Prompt – Would you copy the listing below exactly, keeping the pictures out?

Data block –

'''

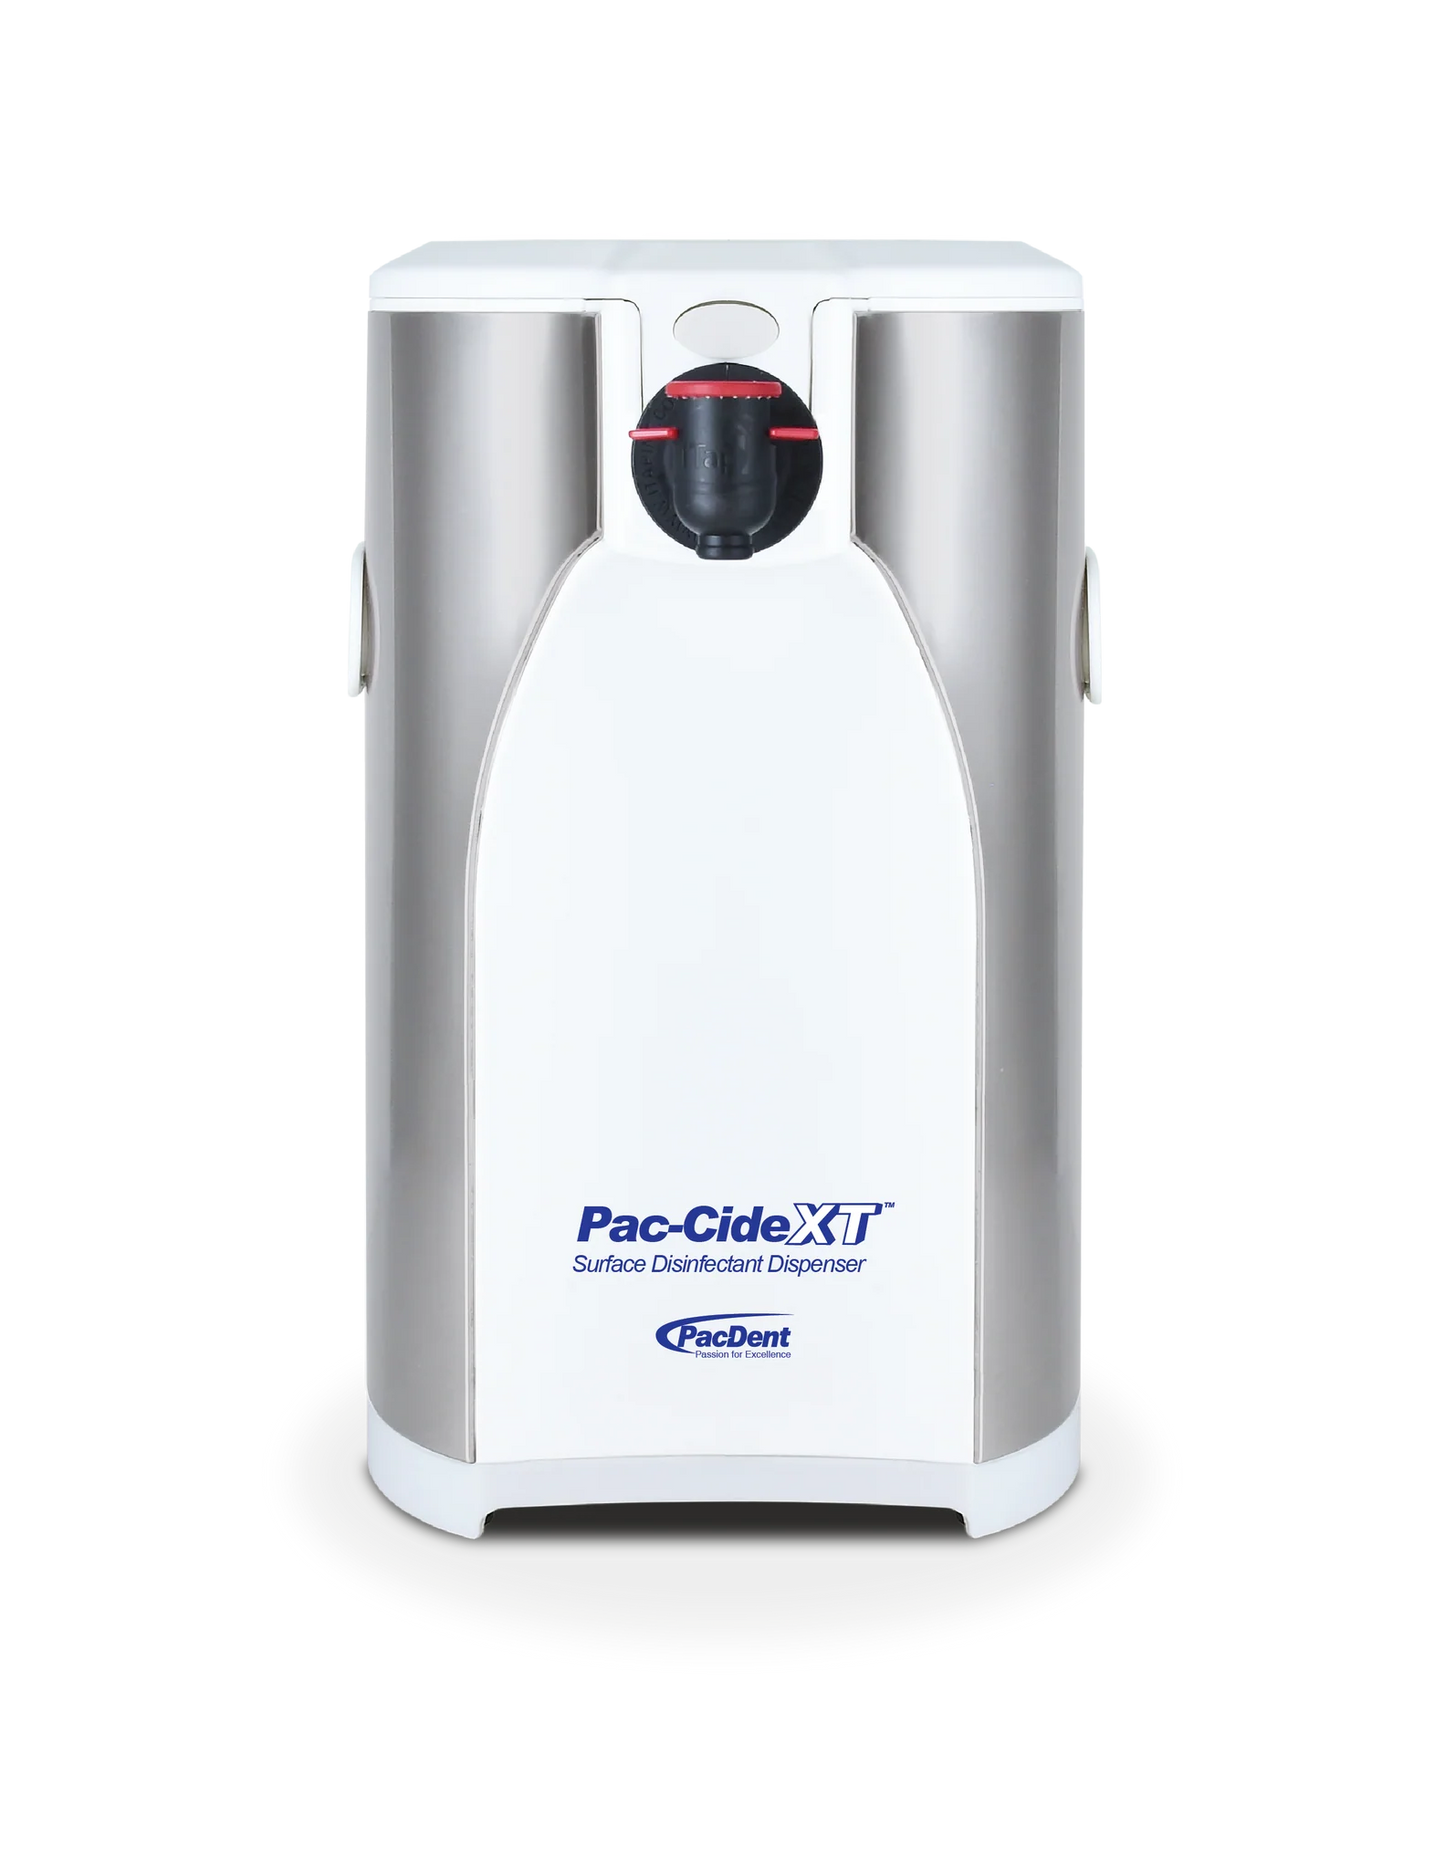 Pac-Dent Pac-Cide XT Stainless Steel Dispenser, 101.44 fl. oz. (3 L)
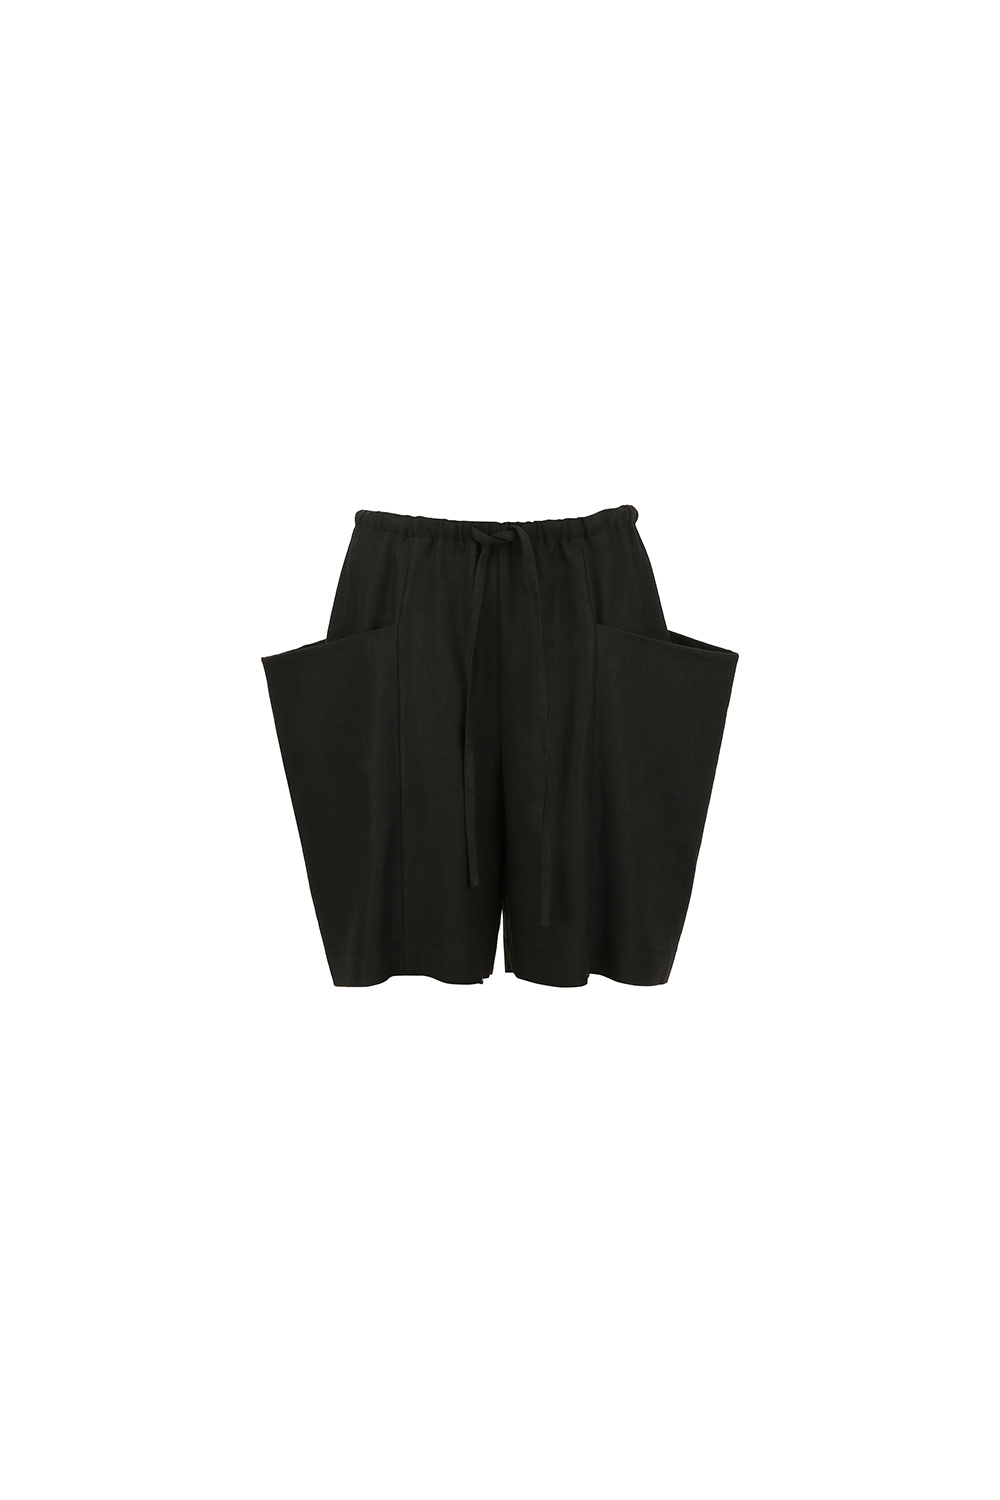 shorts khaki color image-S2L11
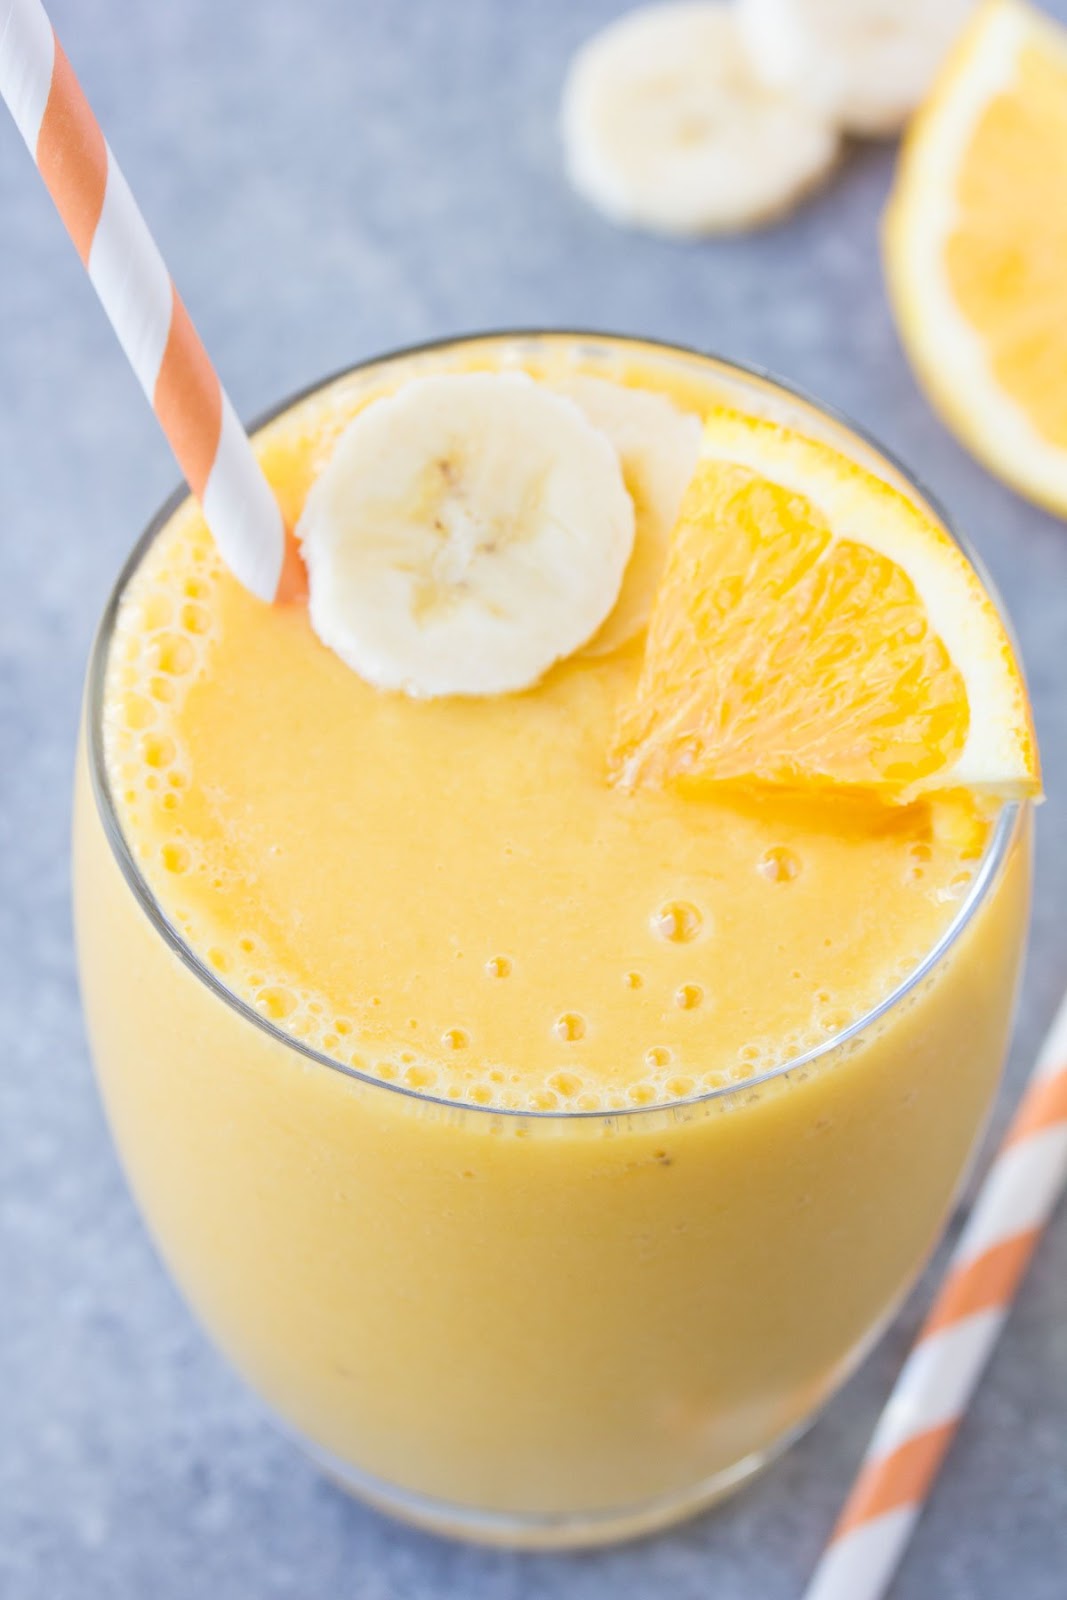 Immunity Boosting Orange Smoothie! This healthy smoothie packs a hefty dose of vitamin C! With orange, mango, banana and vanilla. | www.kristineskitchenblog.com
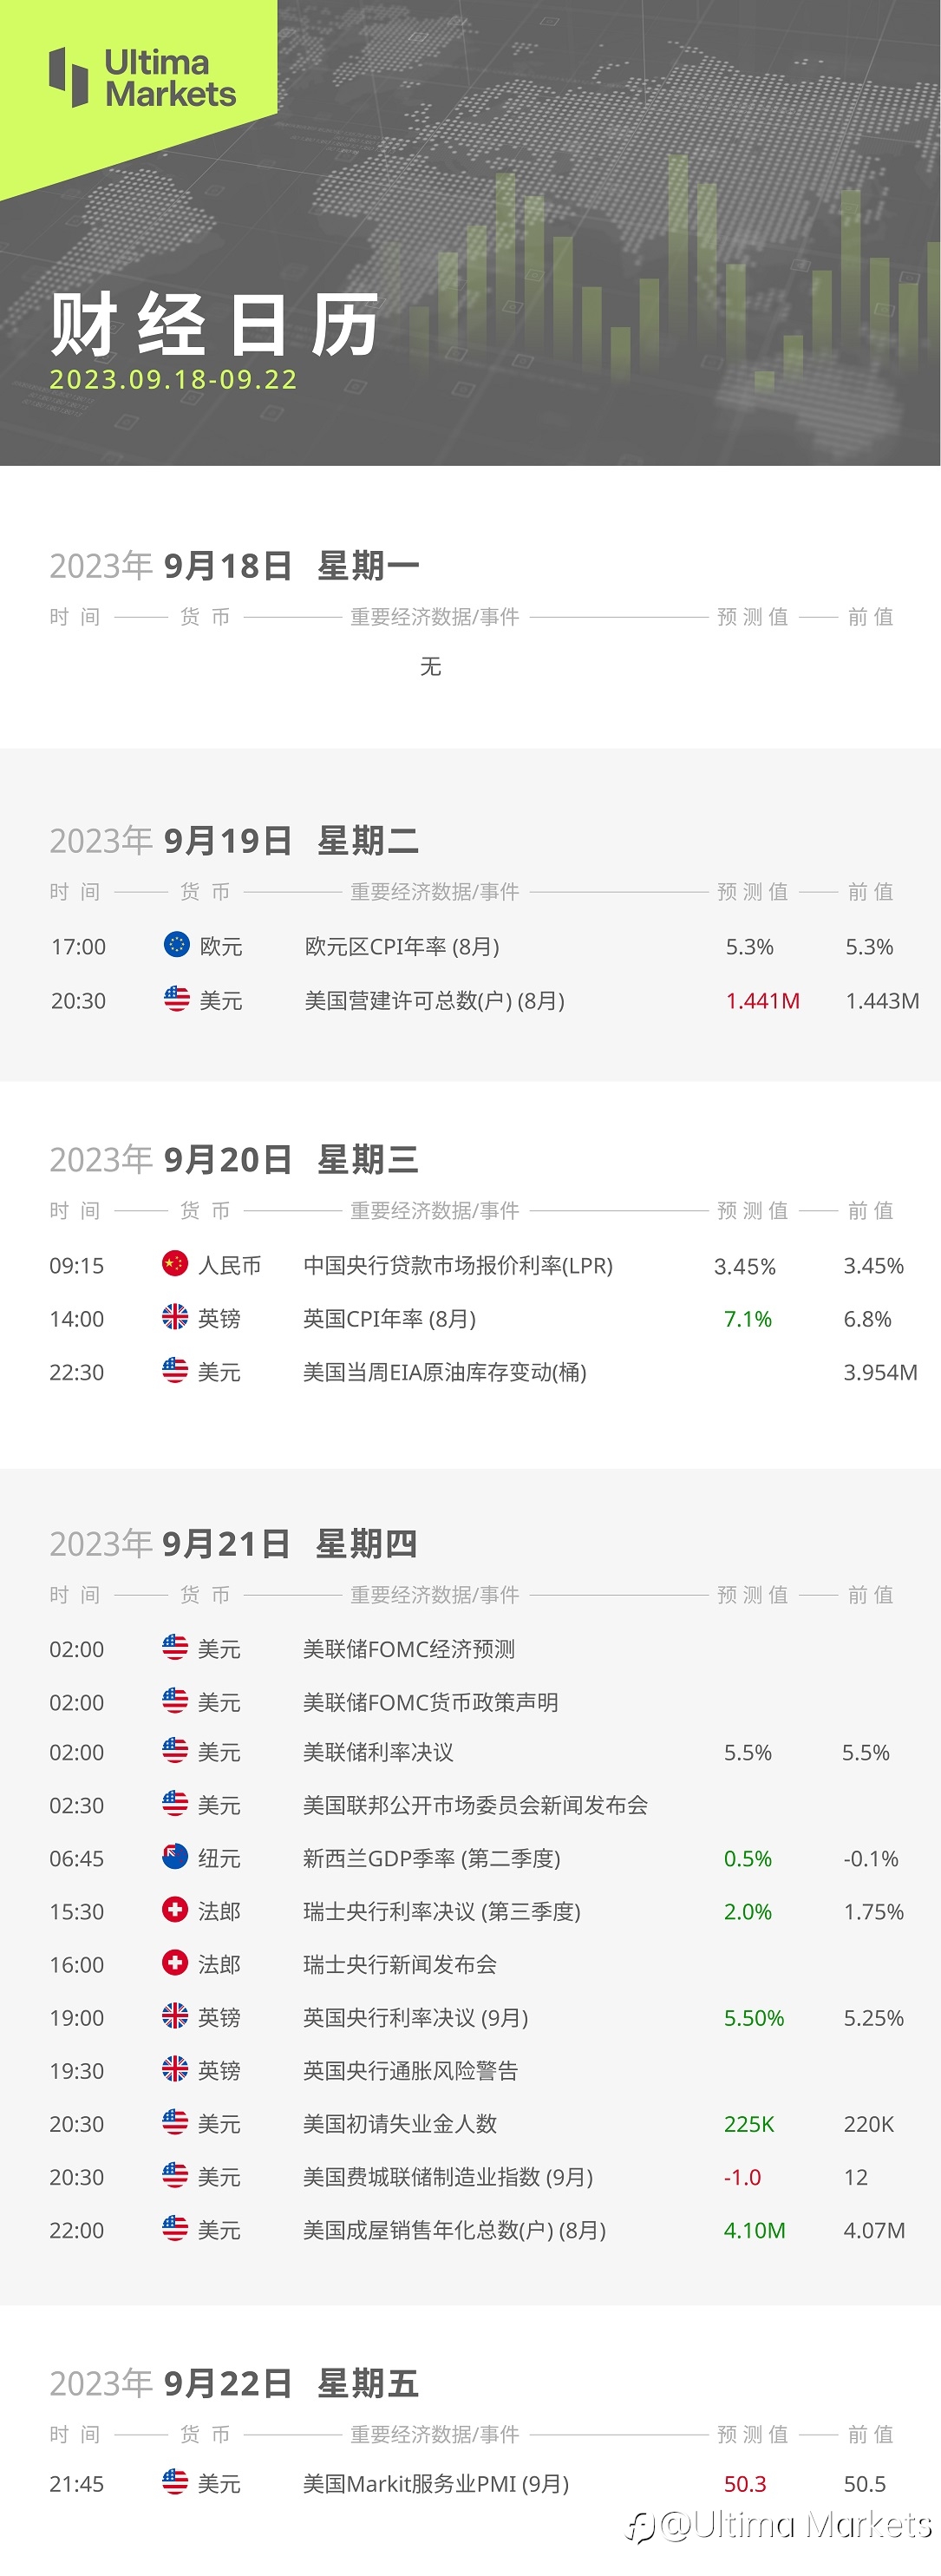 Ultima Markets：【本周财经日历】2023.09.18- 09.22

'''

Response –
 Pac-Dent Pac-Cide XT Stainless Steel Dispenser, 101.44 fl. oz. (3 L)
 shorts khaki color image-S2L11
 Immunity Boosting Orange Smoothie! This healthy smoothie packs a hefty dose of vitamin C! With orange, mango, banana and vanilla. | www.kristineskitchenblog.com
 Ultima Markets：【本周财经日历】2023.09.18- 09.22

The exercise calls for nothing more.